Светел хмуро спросил:
– Гусельки дашь побренькать, дядя Кербога? Позволишь на мой лад перестроить? А то новые у меня ещё не разыграны.
Скоморох молча кивнул. Светелу показалось, что Кербога был как бы уже не с ним. Со Златом был. Не с ним.
Суд о песнях
Три дня в поезде только и рядили что о Божьих судах. Нынешний затевался больше для смеха, спасением от дорожной тоски, но люди смаковали старины. Кровавые поединки, виселицы для проигравших!
– …С петлёй на шее сидел, пока наймит бился…
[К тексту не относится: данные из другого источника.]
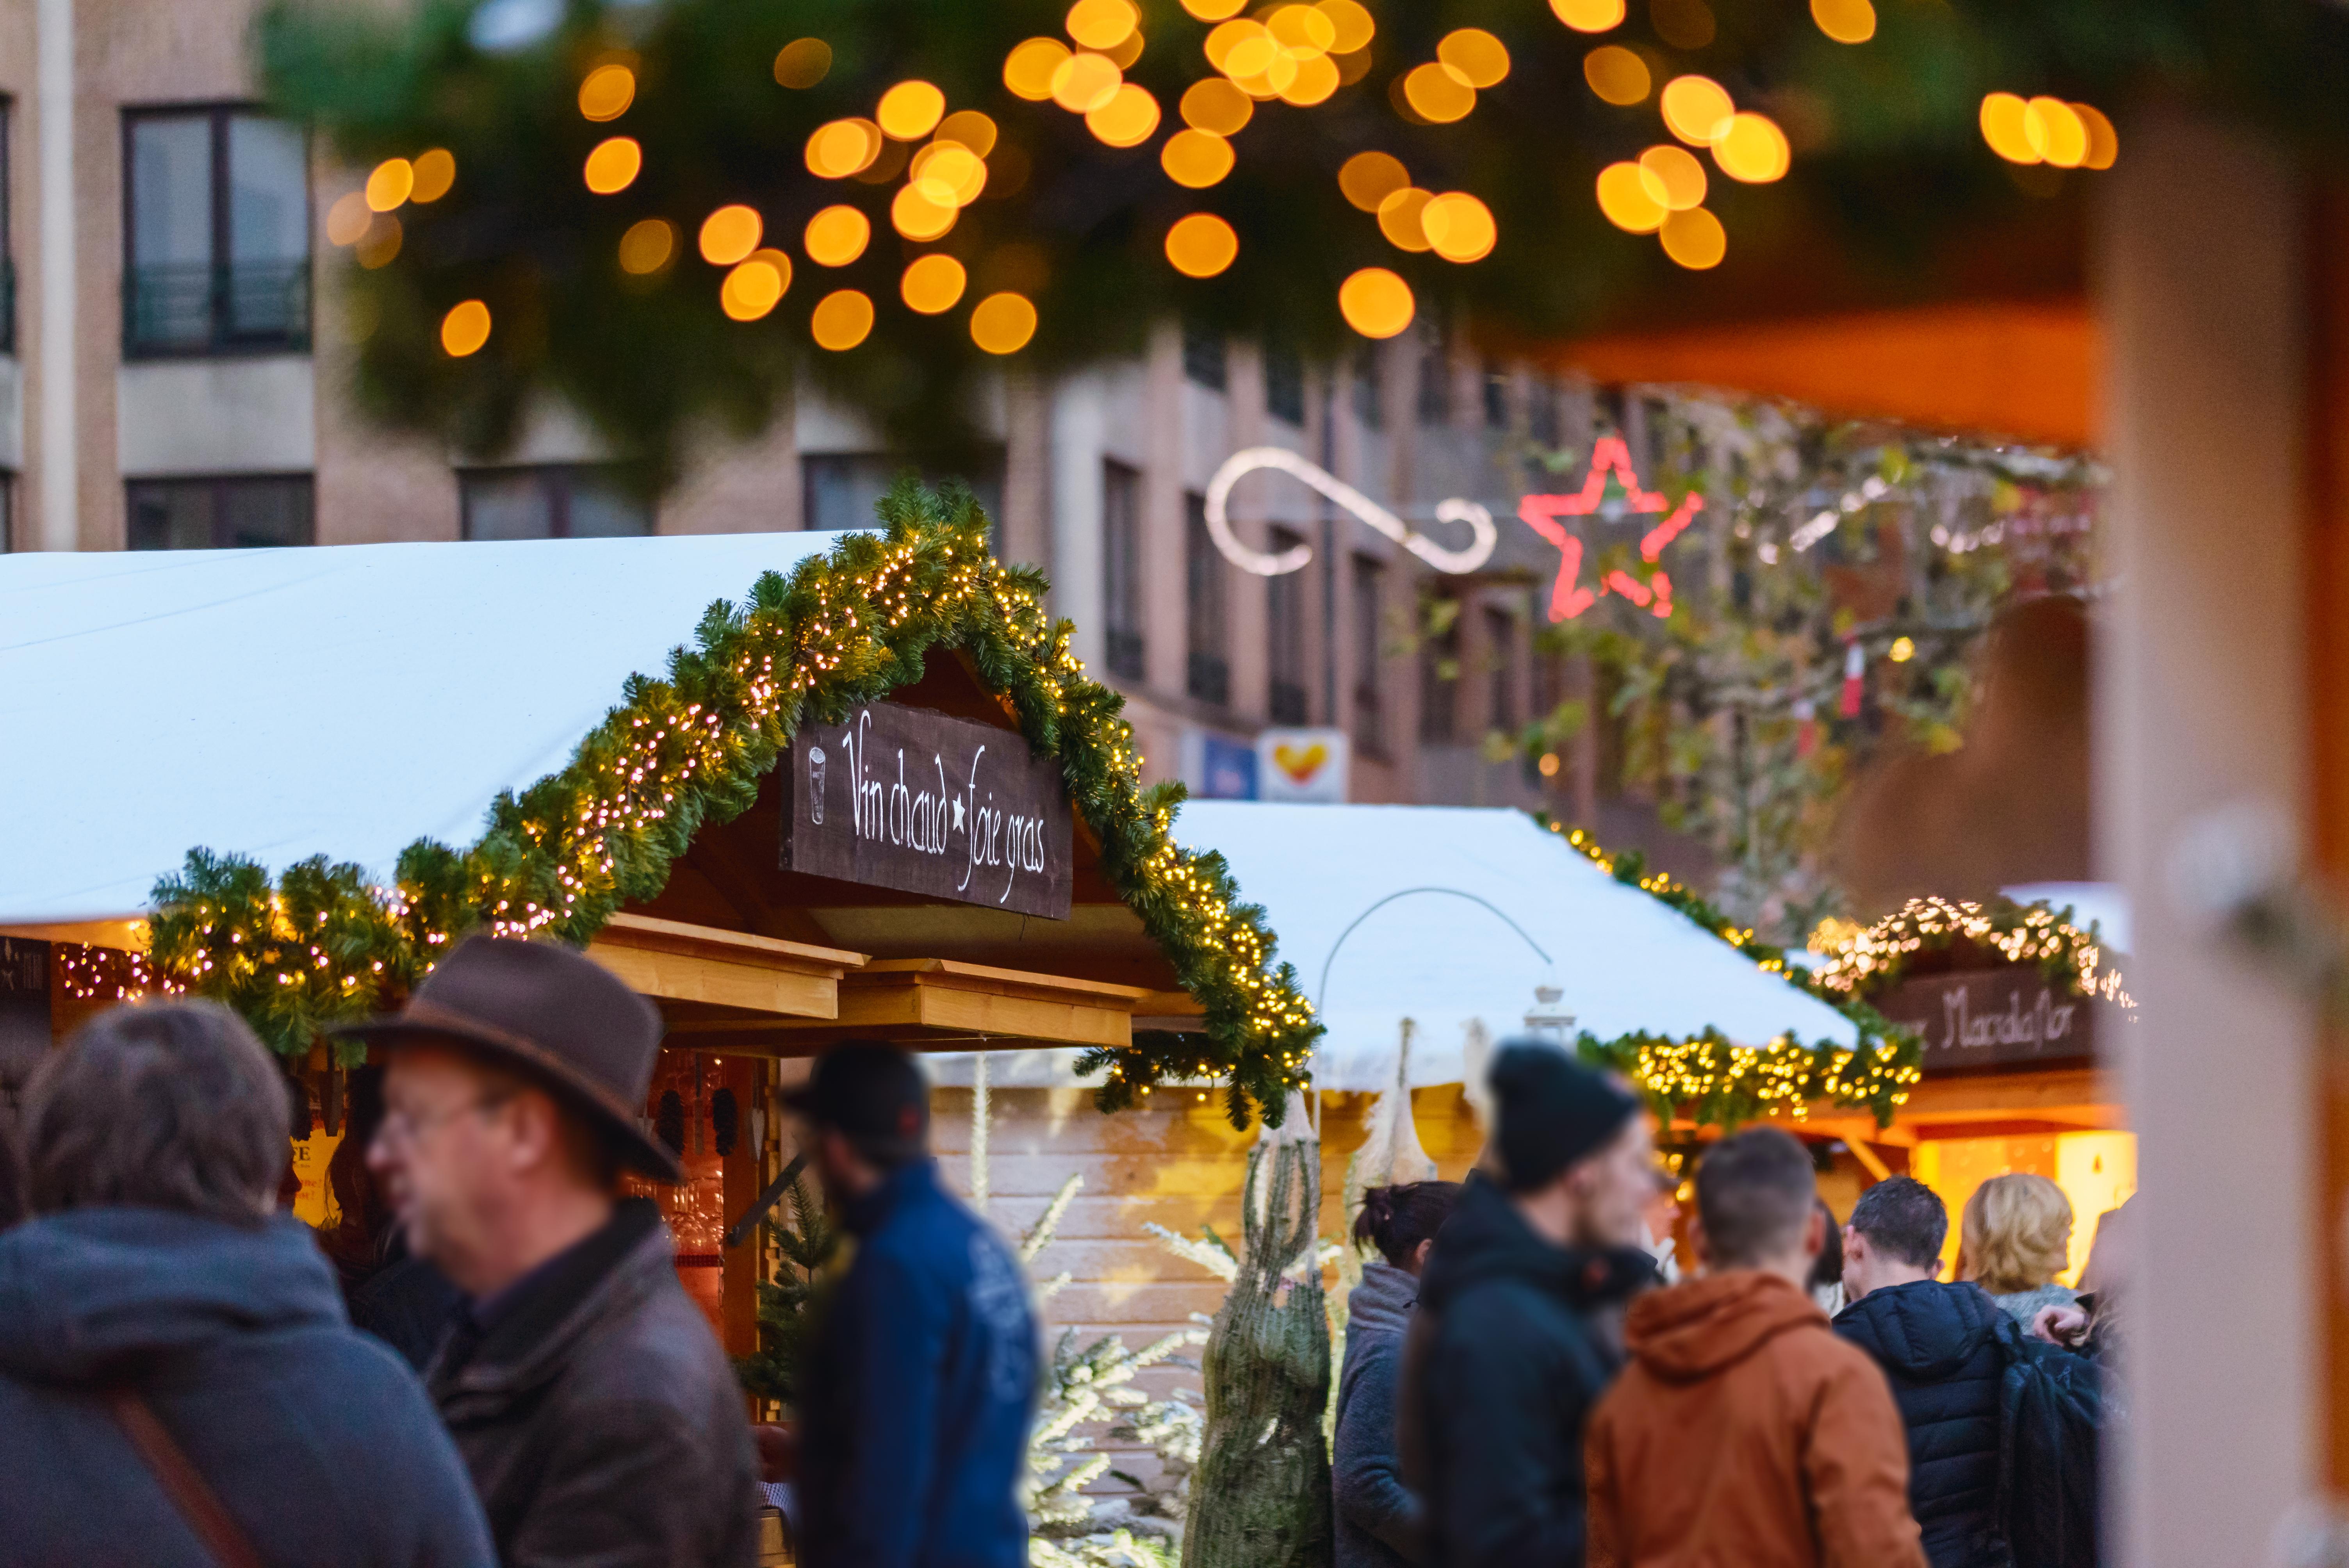 Enjoy a mulled wine at Louvain-la-Neuve's Christmas market

– …Тот меч с рукой обронил…
– …Сказал: «Крив!»
– …И самого тот же час на релью!
– …И наймита, и видоков с послухами…
Внимали Кербоге, знавшему деяния андархов так подробно, как выскирегским выходцам и не снилось.
– Пока двое бьются, все позоряне должны стоять в тишине, чтобы ни словом, ни выкриком бойцов не смутить. Кто откроет рот, получит кнута, а первые Гедахи, бывало, смертью казнили. Когда вершат поединок, любое стороннее слово есть ворожба…
Светел тоже послушал бы, но неволей смирял любопытство. Он никогда ещё не творил песен к сроку. Дома, на беседах, всё было иначе. Вынес обществу красный склад под свежий наигрыш – хвала гусляру. Не вынес – обойдёмся вчерашними, нам ли унывать стать. А тут? Гадай ещё, что новожилич родит! Бойся прометнуться с ответьем! Вспоминай, как перед коготковичами краснел, на снасть гудебную заглядевшись!..
Мысль бежала по кругу и вновь улетала в Твёржу, потому что там было тепло. Взмывала и билась в чёрные стены, непроницаемые для зова. «Изнанкой вывернусь, а брата найду. За руку возьму, домой поведу! – Он тщетно воображал Сквару взрослым, в зеркале памяти жил подросток. – Что же спеть тебе, брат, чтоб морок развеялся? Чтоб узнал ты меня, голосу отозвался?.. Моя земля, где песням не смолкать… там ждут братишка, бабушка и мать… погоди, ещё малыш Единец да Искра-сестрёнка… Их тоже в песню вместить? А сглазят злодеи?»